I’ve worked with many different network engineering departments at many different companies and I must say one of the biggest trends I typically see is the fact management capabilities are typically always lacking, and usually it is due to one of the following reasons:
1. A complete lack of management tools, while this is usually the rarest issue out there, there are some places that don’t even rely or have any type of network management tools and you see some type of excel spread sheet or network share containing copies of device configurations. Now there is nothing wrong with this especially if you are a real small environment however it is definitely not ideal for larger environments and should be avoided.
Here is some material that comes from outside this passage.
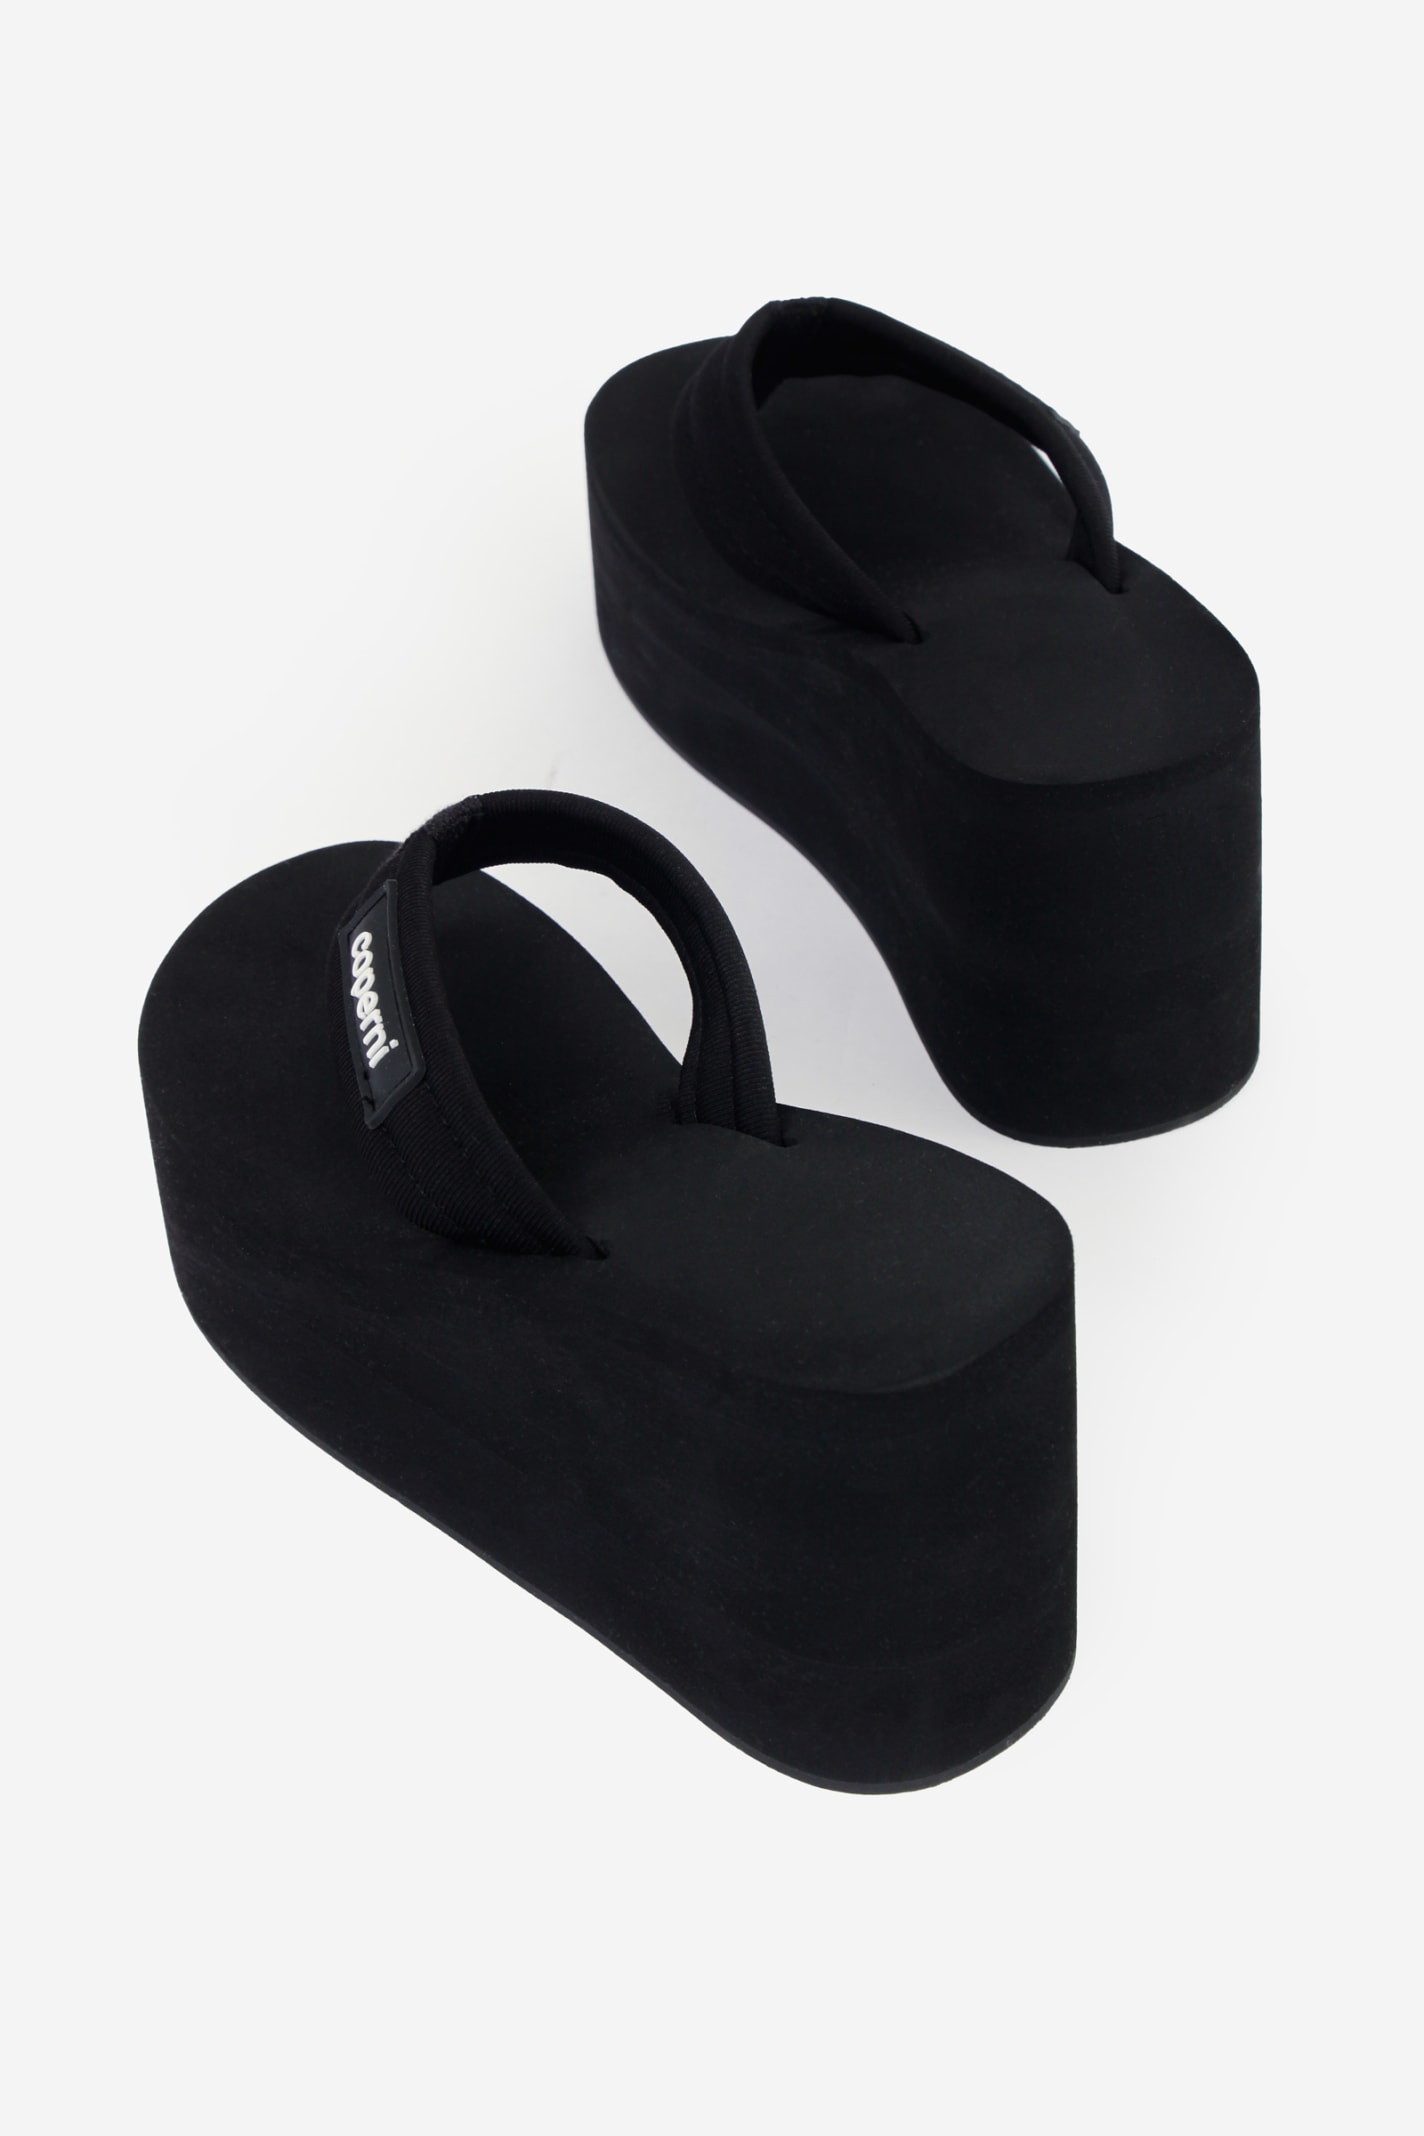 Shop Coperni Branded Wedge Sandals In Black

2. Outdated network management tools, this is only somewhat better then not having any type of management tools. That is relying on tools that have been EoL for years, to the point you either need to maintain the network management application or worry about it failing. As with any type of network device the network management software needs to evolve with the network, as more and more technologies are rolled out to the network you need to ensure the management of those technologies scale just as well.
3. Too many network management applications, while you wouldn’t think this is a bad thing. It can be very easy to get carried away with network management. For example look at Cisco, they practically have a flavor of ‘Prime’ for everything CX-Modules, Wireless networks, wired networks, Voice/Video, which in itself can get overwhelming because usually on top of those platforms are additional platforms for configuration or performance management (whether it be SolarWinds, PRTG, WhatsUpGold) and your management turns out to be very de-centralized sometimes leading to confusion in itself and in some cases causing companies to purchase duplicate licensing that they don’t need.
4. Not knowing what to actually monitor. Granted efficient management techniques come over time and experience. to be honest typically the first time many people setup any type of NMS they are instantly ‘wowed’ at the sheer amount of information they get by default (typically historical performance information, NetFlow stats, configuration management) that they do not realize what they don’t see until they find themselves in a troubleshooting situation or outage and begin wishing they had just a little bit more information. For example look at SolarWinds NPM only recently did it start adding support to viewing routing tables and see routing neighbors, in the past custom pollers would have to be setup to see this type of information. However you still need to rely on custom pollers to pull specific MIBs for FHRP status, which in my mind is just as important as monitoring a routing protocol.
Now, we do have a very large arsenal of tools to choose from when designing our network management environment and it can be intimidating at first, but the important thing is to understand what we ‘should look at’ depending on the situation we are attempting to troubleshoot. A few great tools are:
Historical performance records are always great, since those type of tools will passively (and automatically) establish a baseline for us allowing us to quickly determine if a network device or segment is experiencing any abnormal performance.
Syslog/traps, remember syslogs and traps are basically the equivalent of error logs in the Windows event viewer and are able to quickly tells us if the router is experiencing any type of issue. Of course logging needs to be properly configured and possibly filtered to ensure the logs give us the information we need to see quickly without having to filter thousands of events!
NetFlow data is an amazing resource especially when teamed up with NBAR these can quickly tells us what traffic types and patterns are going through our router, so let’s say a particular remote site is experiencing performance issues NetFlow and easily tell if we have some specific traffic over utilizing the bandwidth or flooding the interface.
Configuration management, while this one is a given for any large network it can also be used to quickly identify any network changes that could be causing any negative impact, and pretty much all of the configuration management tools out there today include the ability to automatically compare previous configuration sets highlighting the differences.
Software management, you might not consider this one at first, but knowing what type and version of software is running in your network is a very important aspect to be aware of, especially if you are unlucky enough to stumble upon and a bug within the software. In those events you want to be able to quickly identify what other devices in your network will be affected by this software bug and you will also in turn want a simple and manageable way to upgrade and replace that software.